What needs to be done
The required output is every line from the one containing "Extras, Hooman's Birthday" through the last line of the listing below, copied exactly, pictures excluded.

BEGIN Collected material

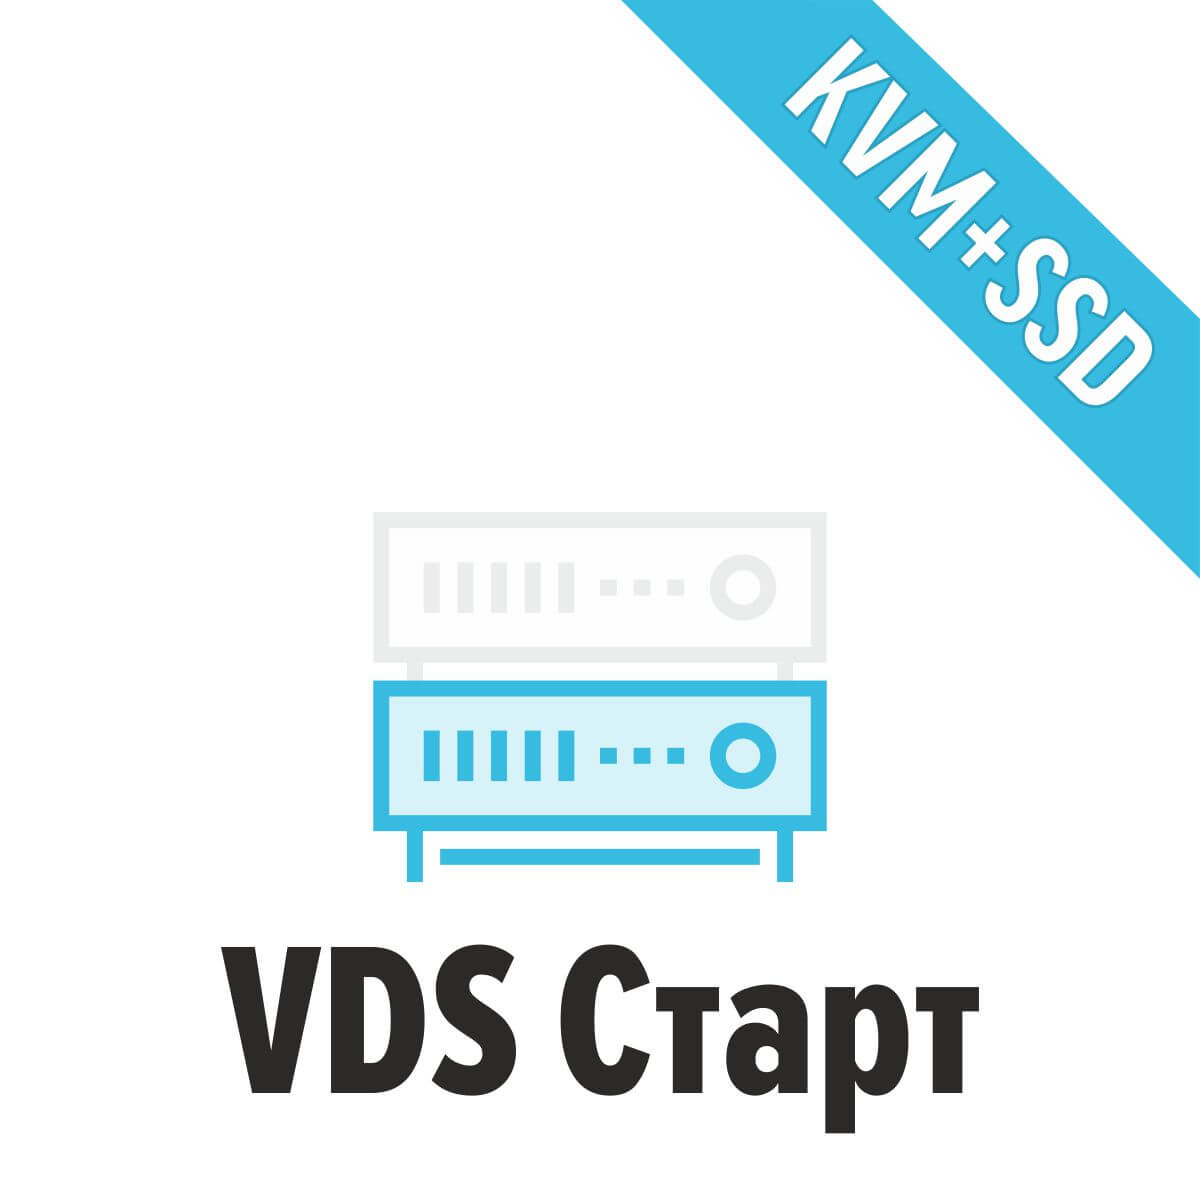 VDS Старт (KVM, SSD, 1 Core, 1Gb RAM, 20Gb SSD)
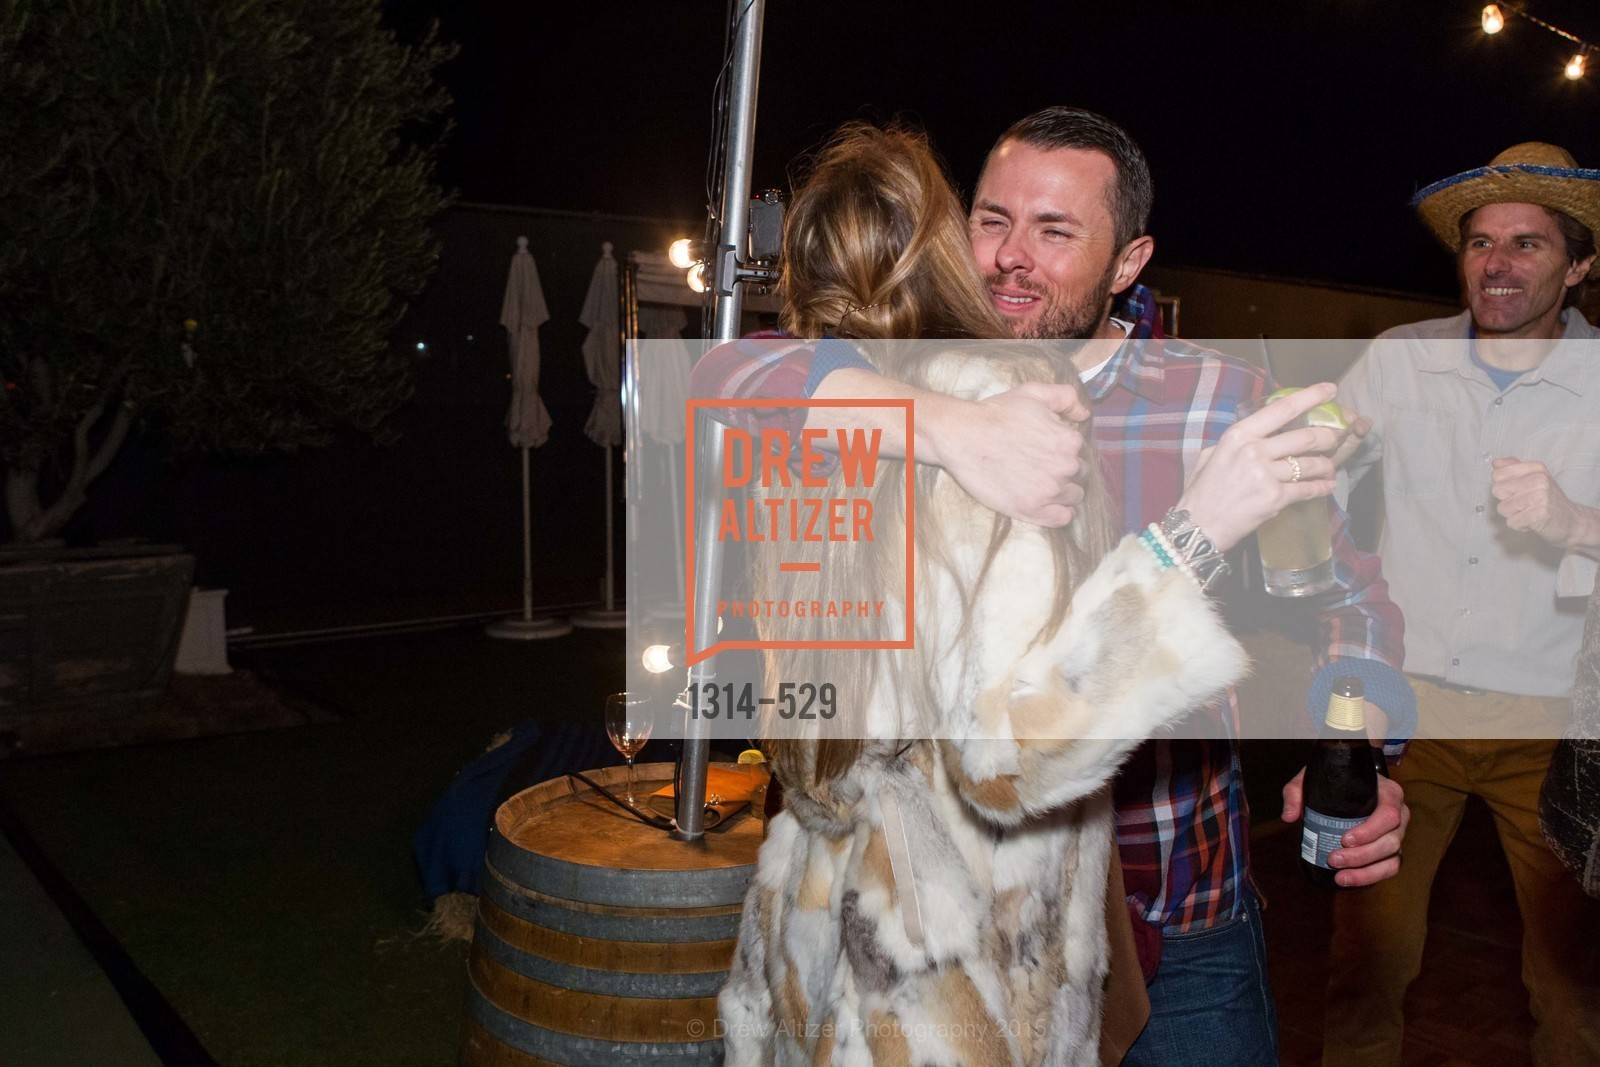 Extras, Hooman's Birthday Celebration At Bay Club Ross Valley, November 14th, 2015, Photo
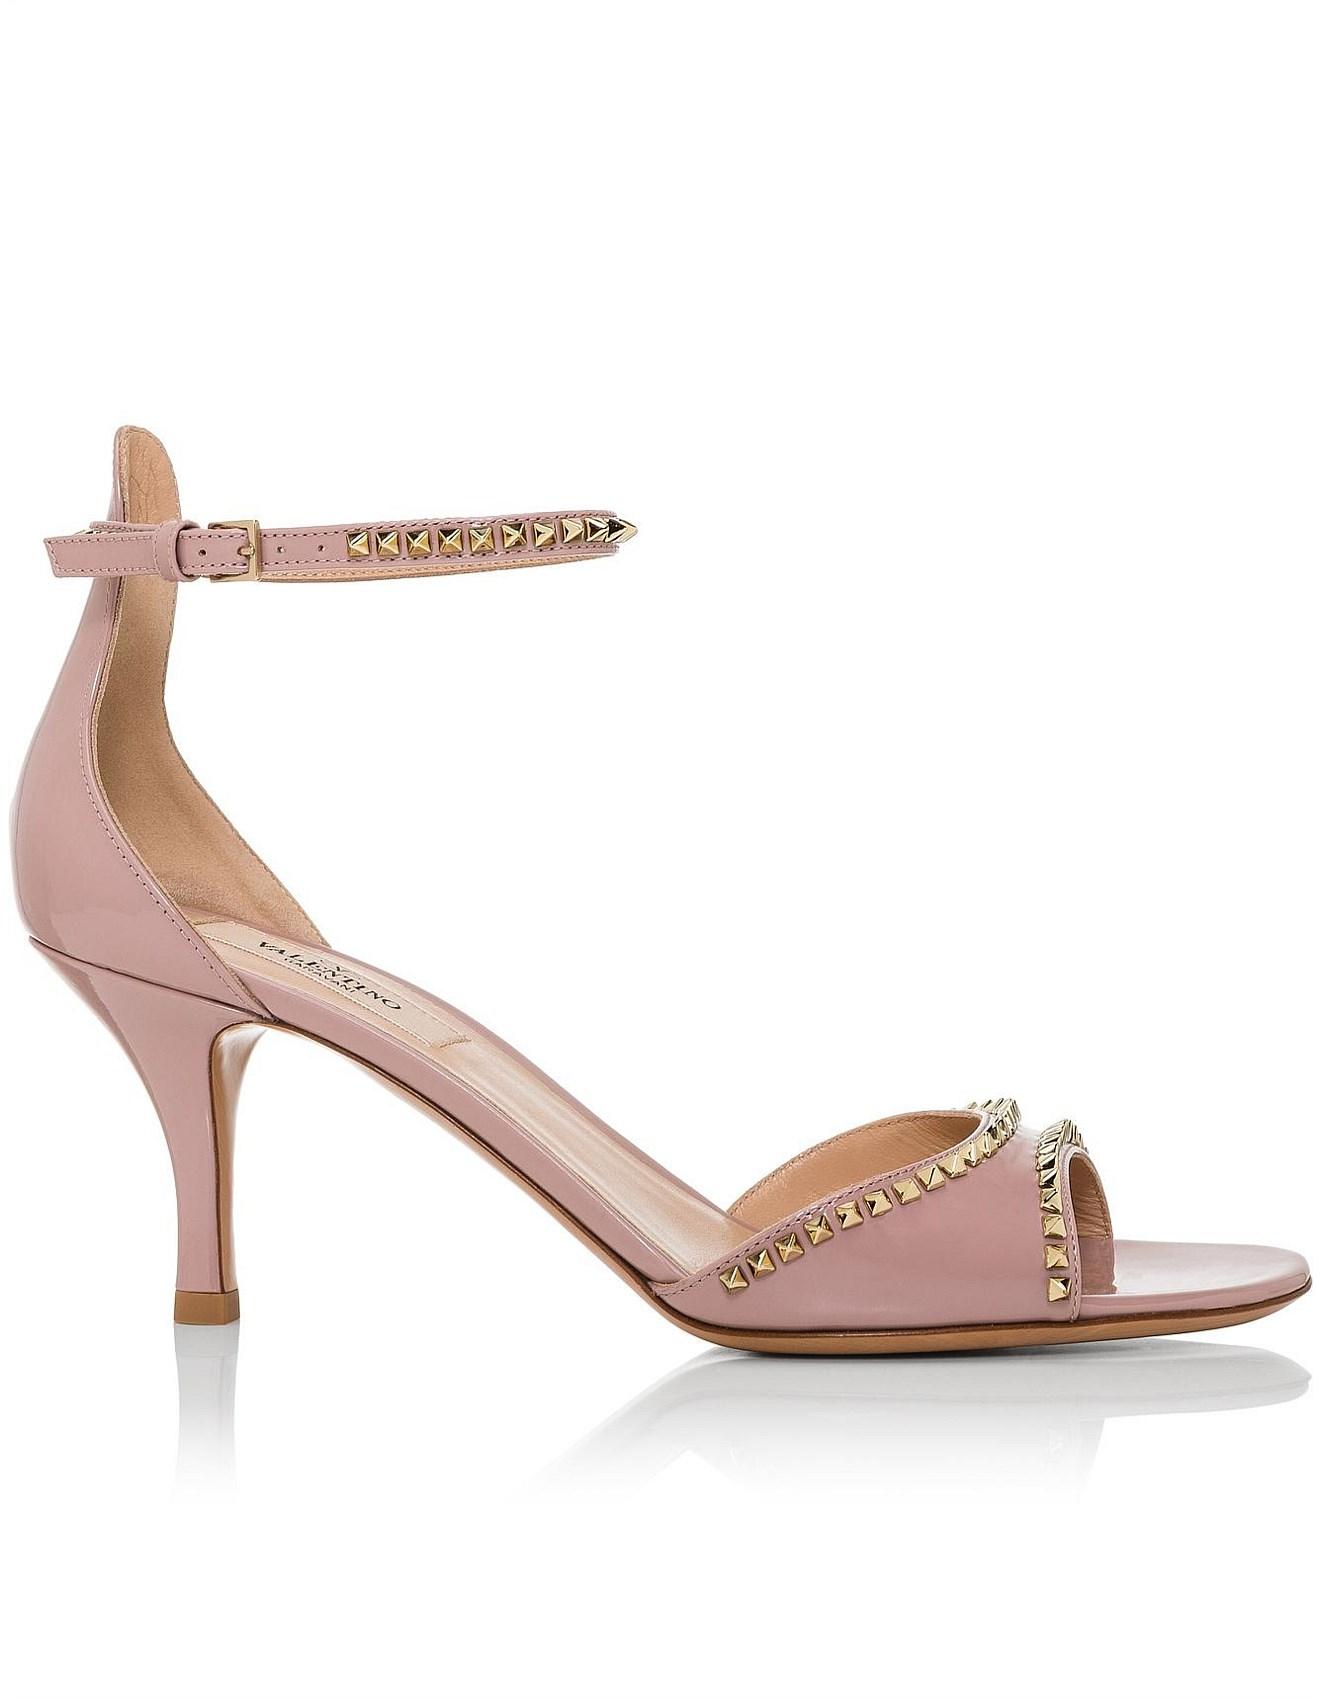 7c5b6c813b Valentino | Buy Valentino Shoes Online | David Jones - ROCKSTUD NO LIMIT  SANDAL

END Collected material

Answer below
 Extras, Hooman's Birthday Celebration At Bay Club Ross Valley, November 14th, 2015, Photo
 7c5b6c813b Valentino | Buy Valentino Shoes Online | David Jones - ROCKSTUD NO LIMIT  SANDAL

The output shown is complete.